On June 4, 2022, the Japanese American National Museum will host an event in celebration of the publication of Yoshito Kuromiya’s edited memoir, Beyond the Betrayal: The Memoir of a World War II Japanese American Draft Resister of Conscience. As one of the few firsthand accounts of the Heart Mountain Draft Resisters, Kuromiya’s memoir is an important text that documents the personal views of one of the famed resisters. Beyond the Betrayal’s editor and distinguished historian Art Hansen, along with famed Sansei poet Lawson Inada, will join the Kuromiya family in a conversation on Yosh Kuromiya’s life and the importance his memoir.

Art Hansen is, arguably, one of the most influential historians in Japanese American history. Originally born in Hoboken, New Jersey, Hansen spent his early life in the small town of Goleta, California. Originally a student of British and U.S. intellectual history at UC Santa Barbara, Hansen became invested in Japanese American history shortly after being hired as a professor at CSU Fullerton in 1965.

Having grown up with Japanese American classmates in Goleta and Santa Barbara that were incarcerated, Hansen found his interests renewed in the camps thanks to his colleague (and boon companion) Professor Kinji Yada. Yada, who spent his teenage years at Manzanar, shared his personal experiences of camp with Hansen, and inspired him to teach more on the camps, which was then a neglected topic.

Hansen became involved with the early Manzanar pilgrimages of the early 1970s, and befriended several activists such as Sue Kunitomi Embrey and Wilbur Sato during his visits. As part of his research into the camps, Hansen began interviewing several key figures from Manzanar, ranging from community leaders like Togo Tanaka, to Manzanar police officers like George Fukasawa (a fellow professor at Cal State Fullerton).

Perhaps his most well-known contribution to the field of Japanese American history is his leading work in oral history. In addition to managing his own work of teaching classes and advising students, Hansen started the Japanese American World War II Evacuation Oral History Project at Cal State Fullerton. Over the course of twenty years, Hansen and a team of academics and graduate students interviewed dozens of community leaders, government officials, and scientists involved in the incarceration experience. To this day, the project’s oral history collections remain important resources for scholars and activists interested in studying the wartime incarceration experience.

Art Hansen at the Heart Mountain Interpretive Center from July 26, 2019

As a scholar trained in social, cultural, and intellectual history, Hansen always looked beyond the simple narratives of history. He was happy to interview neglected figures, such as the local community members of Lone Pine or the military police at Tule Lake, and never shied away from engaging in contentious topics, such as the Manzanar Riot of December 7, 1942. It was through his research of the Manzanar riot that he befriended the central figure of the riot, Harry Ueno. Along with interviewing Ueno and preserving his story through the book Manzanar Martyr (co-edited with Sue Kunitomi Embrey and Betty Mitson), Hansen remained a lifelong friend of Ueno throughout his years of activism and until the latter’s death in 2004.
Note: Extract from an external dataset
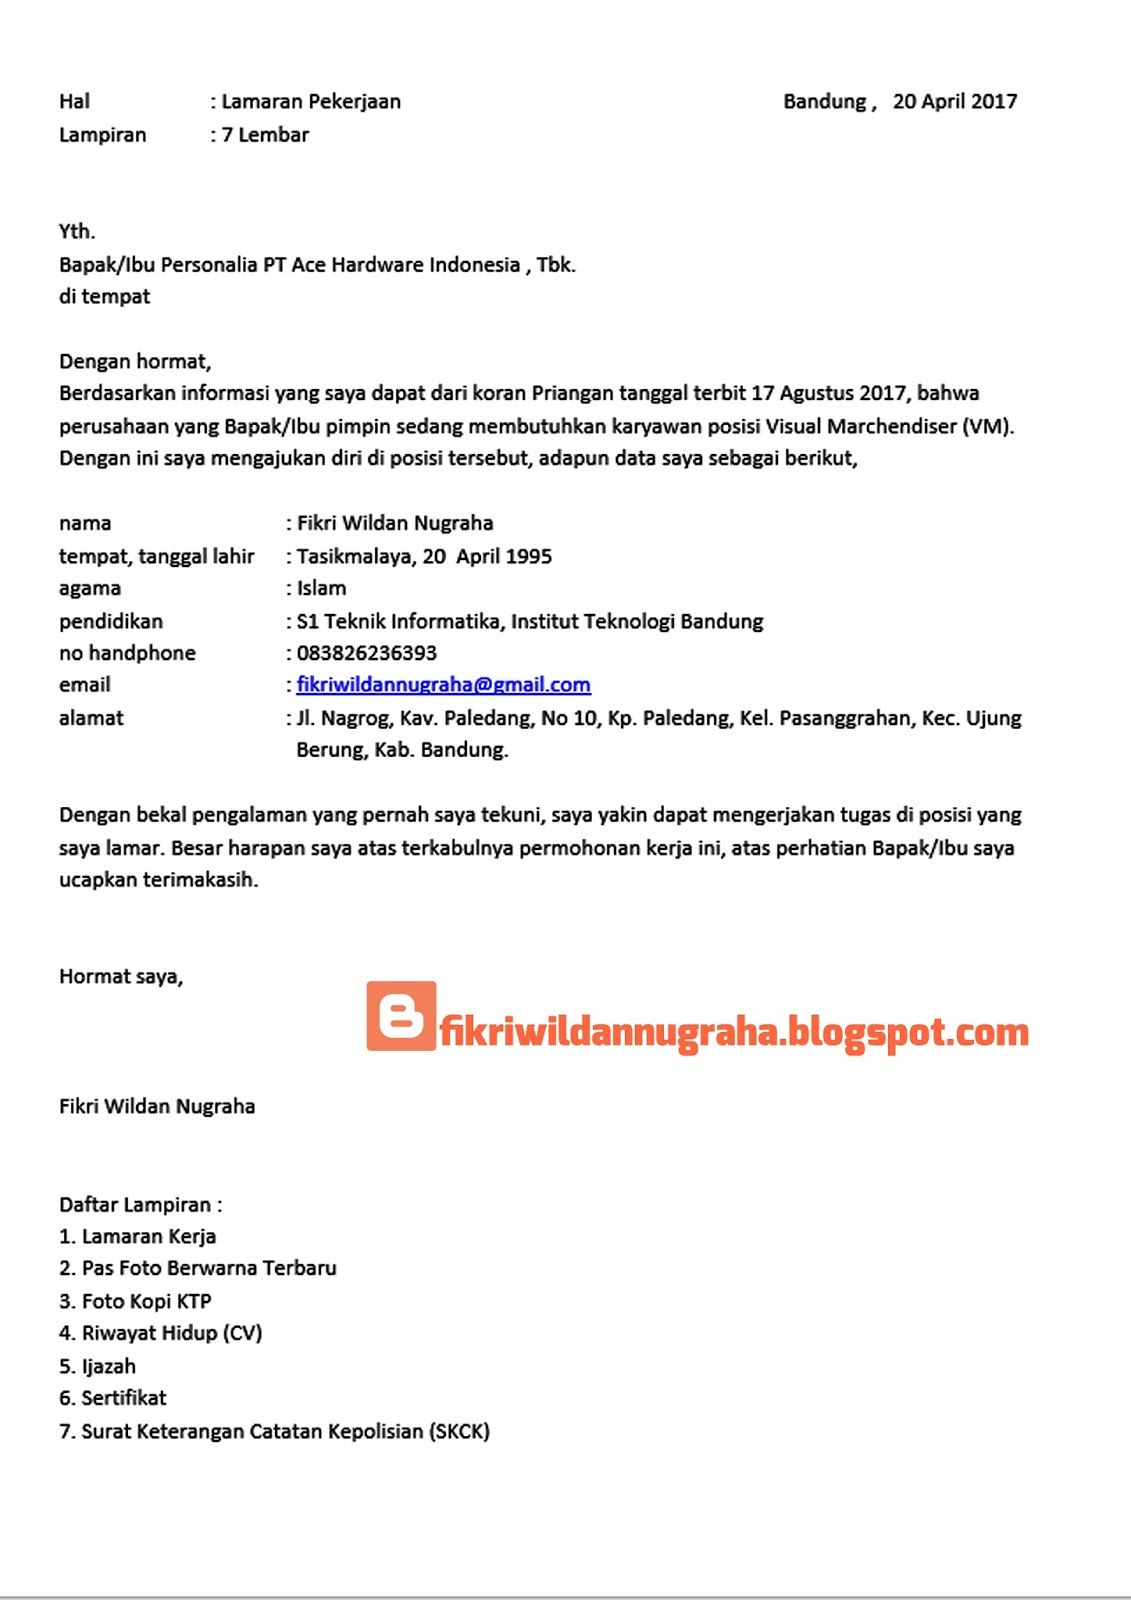 Download 25 Contoh Surat Lamaran Kerja Yang Benar

In addition to Ueno, Hansen has famously ‘resurrected’ the stories of Japanese American dissidents. Perhaps besides Frank Chin, Eric Muller, and Frank Abe, no historian has gone so far as Hansen has to chronicle the actions of Japanese American dissidents that challenged the conventional narratives. Japanese American journalist Jimmie Omura entrusted Hansen with the manuscript of his memoirs, and Hansen later published Omura’s memoir as the edited volume Nisei Naysayer with Stanford University Press in 2018.
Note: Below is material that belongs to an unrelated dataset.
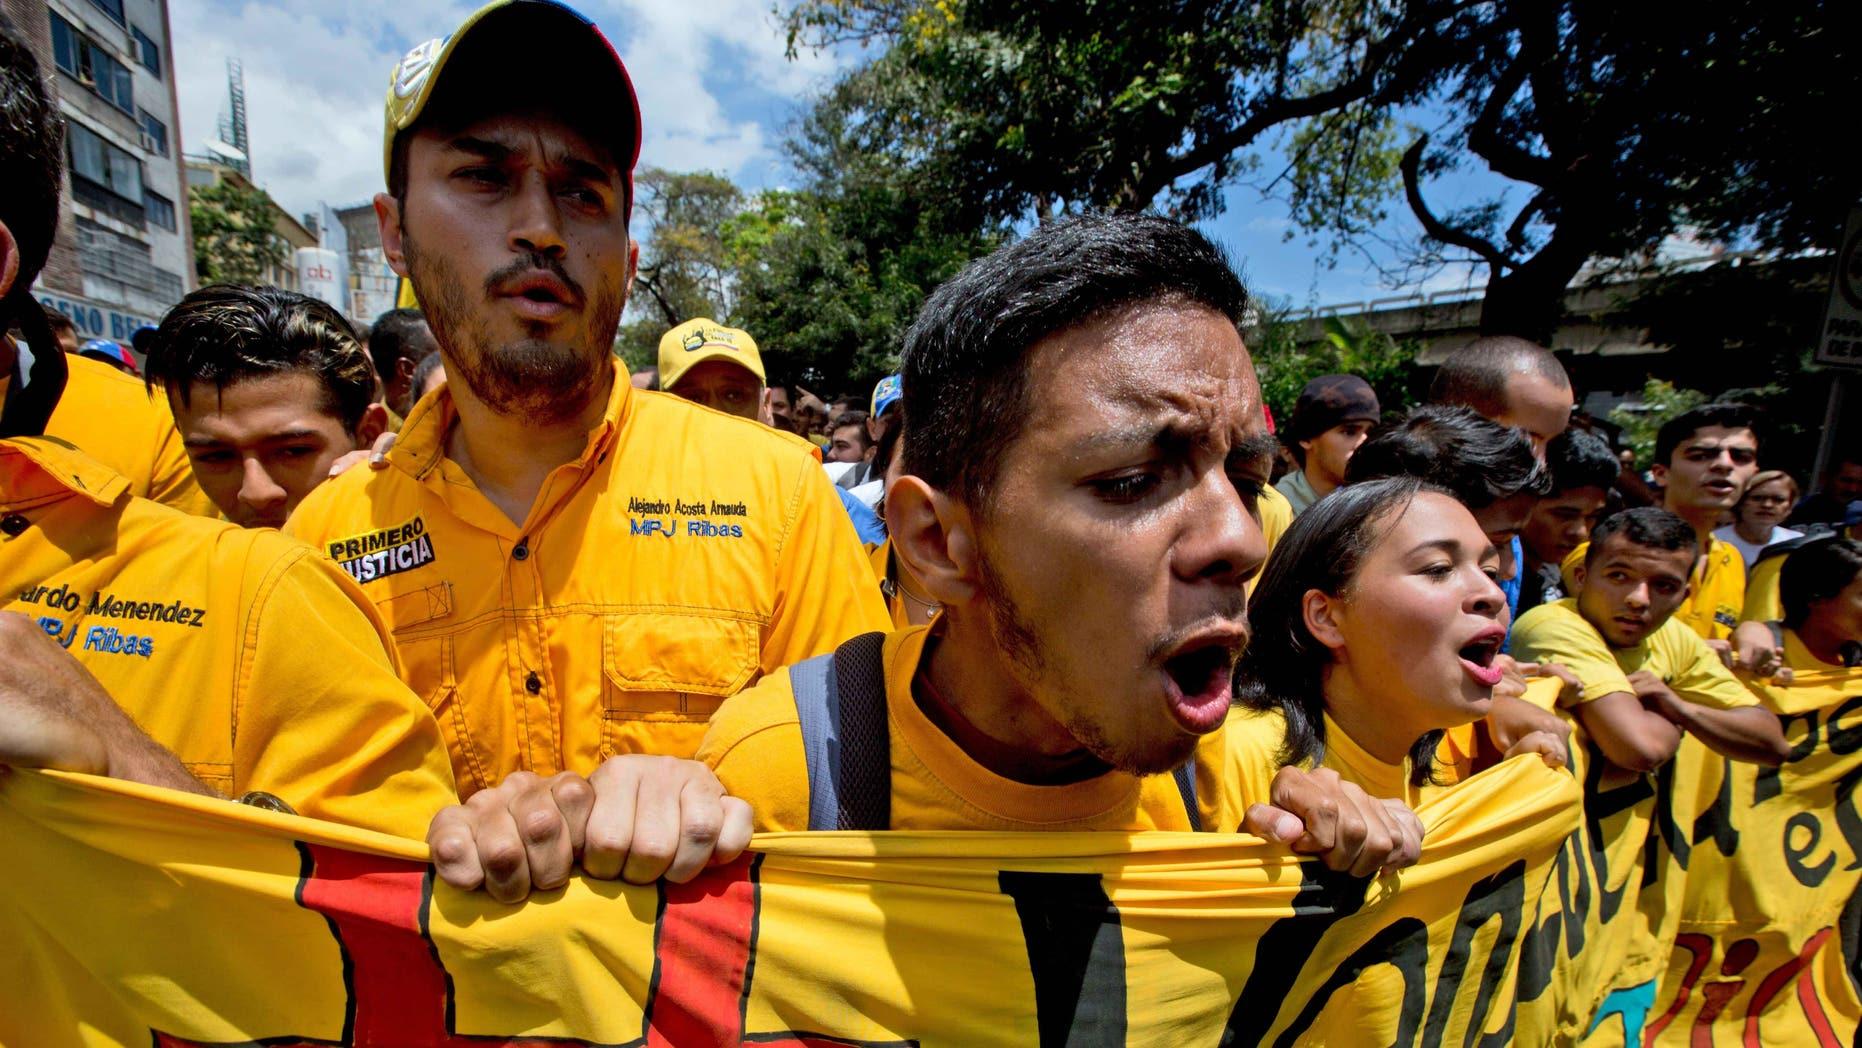 """Miembros de la oposición al grito de """"¡revocatorio ya!"""" marchan contra el presidente Nicolás Maduro en Caracas, Venezuela, el miércoles 27 de julio de 2016. La oposición convocó a la marcha para exigir la pronta activación del proceso de referendo revocatorio del mandato del presidente Nicolás Maduro. (AP Foto/Fernando Llano)"""

In addition to including Omura’s rich personal account of his storied career and support of the Heart Mountain Draft Resisters, Nisei Naysayer boasts contributions from noted playwright Frank Chin, journalist Frank Abe, and Yosh Kuromiya, a testament to both Omura’s influence, and the respect accorded to Hansen.

Like Nisei Naysayer, Beyond the Betrayal is both a memoir and edited volume. In addition to Kuromiya’s own words, Beyond the Betrayal includes an essay by historian Eric Muller, a poem by Lawson Inada dedicated to Kuromiya, and an epigraph by Frank Chin. Each of the contributions complement Kuromiya’s own narratives of resistance and consciousness during his triple imprisonment in Pomona and Heart Mountain concentration camp, and later McNeil Island Federal Penitentiary.

In the leadup for the June 4th event, I had the pleasure of interviewing Art Hansen about his experiences working with Kuromiya’s memoirs.

* * * * *

Art with Yosh and his wite Irene on March 7, 2006 (Photo courtesy of Gail Kuromiya)

JVH: When did you first become acquainted with Yosh Kuromiya? What was your relationship like with him?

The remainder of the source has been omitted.